Washington doctors say they plan to do more to prevent gun-related injuries and deaths, including asking patients whether they own guns and screening them for risk of using a gun in suicide.
Leaders of 10 public health agencies and professional groups, including the Washington State Medical Association and the Washington State Nurses Association, announced the effort in a statement Tuesday.
"As healthcare providers, we recognize firearm-related injury and death as a public health epidemic," the statement said.
Dr. Jeff Duchin, health officer for Seattle and King County's public health agency, said the coalition plans to release guidelines to doctors on how to screen patients for risk of gun-related death and talk to them about it.
"The mass shootings, the increase in suicides has re-energized a lot of the community, the public health community and the medical community, to say, 'We need to do better,'" Duchin said.
In Washington, 682 people died of gunshot wounds in 2016. Suicides account for three-quarters of all gun deaths in the state.

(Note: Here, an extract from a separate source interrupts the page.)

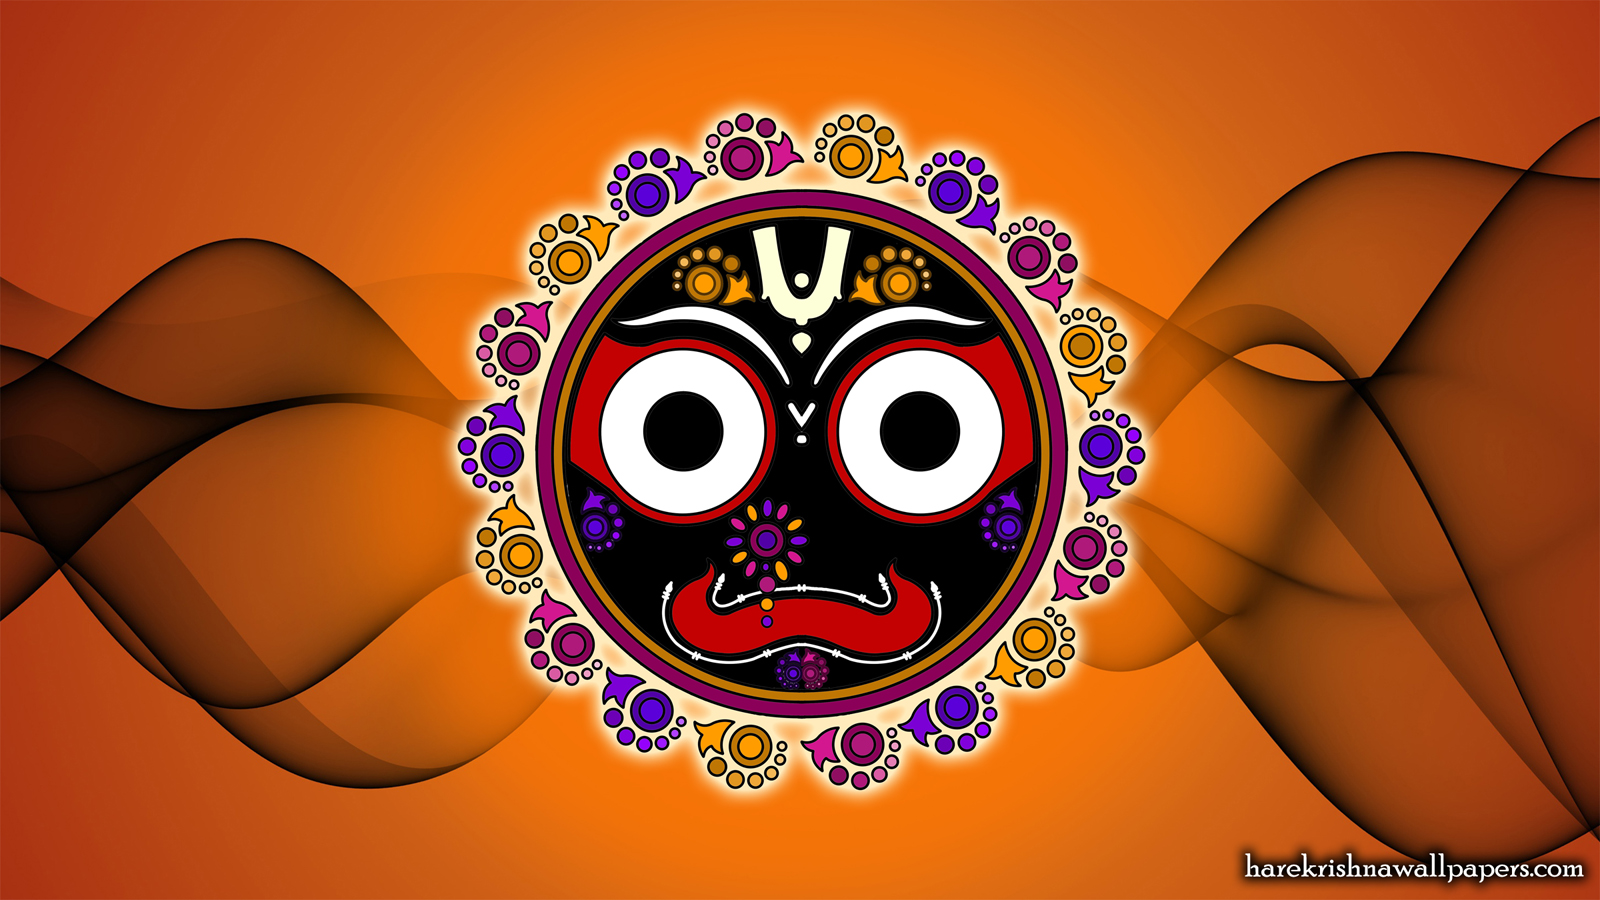 Jai Jagannath Wallpaper (043) Size 1600x900 Download

Dr. Beth Ebel, a pediatrician at the University of Washington, said she sees children with gunshot wounds on a regular basis.
"We had a child who died at the hospital this weekend who took her life with a gun she was able to get her hands on," she said. "Thirteen-year-old girl. So this is a routine — a terrible, terrible routine event."
Ebel said she regularly asks patients' families whether they own guns, and whether they should, given the dangers.
Having a gun in the home, statistically, puts residents of the home at higher risk of death by homicide or suicide. Adolescents with access to guns are 2.6 times more likely to die by suicide as those without access.
When Ebel hears a family does have a gun in the home, she talks to them about securing it.
"I talk to families very objectively to say, 'Look, let's think about what you could do to keep that gun safe so your kid doesn't find it,'" she said.
Ebel said doctors shouldn't fear awkwardness or worry they're wading into a political discussion.
"We, as doctors, have good relationships with the people we care for," she said. "When I talk about gun violence, I talk about it as I do other public health things. If I'm talking to someone who's a parent of a teenager, we're talking about school. So this is one piece of what I'm talking to a family about."
Doctors at a news conference Tuesday also called for more local and statewide research that could help identify those at risk gun violence and evaluate the effectiveness of policies designed to prevent it.
Such research has been lacking. The federal Centers for Disease Control and Prevention has not funded research into gun violence since 1996, when Congress passed an amendment forbidding the agency from using money to "advocate or promote gun control."
Dr. Fred Rivara, the founding director of the Harborview Injury and Research Center, called for a state-funded research center focused on gun violence to be located at Harborview, similar to an effort in California.
"Over the last the 75 years, there's been a 95 percent reduction in motor vehicle crash fatailites," Rivara said. "That has not happened for firearms. It happened for motor vehicles because of a lot of research on how do we make cars safer, how do we make roads safer."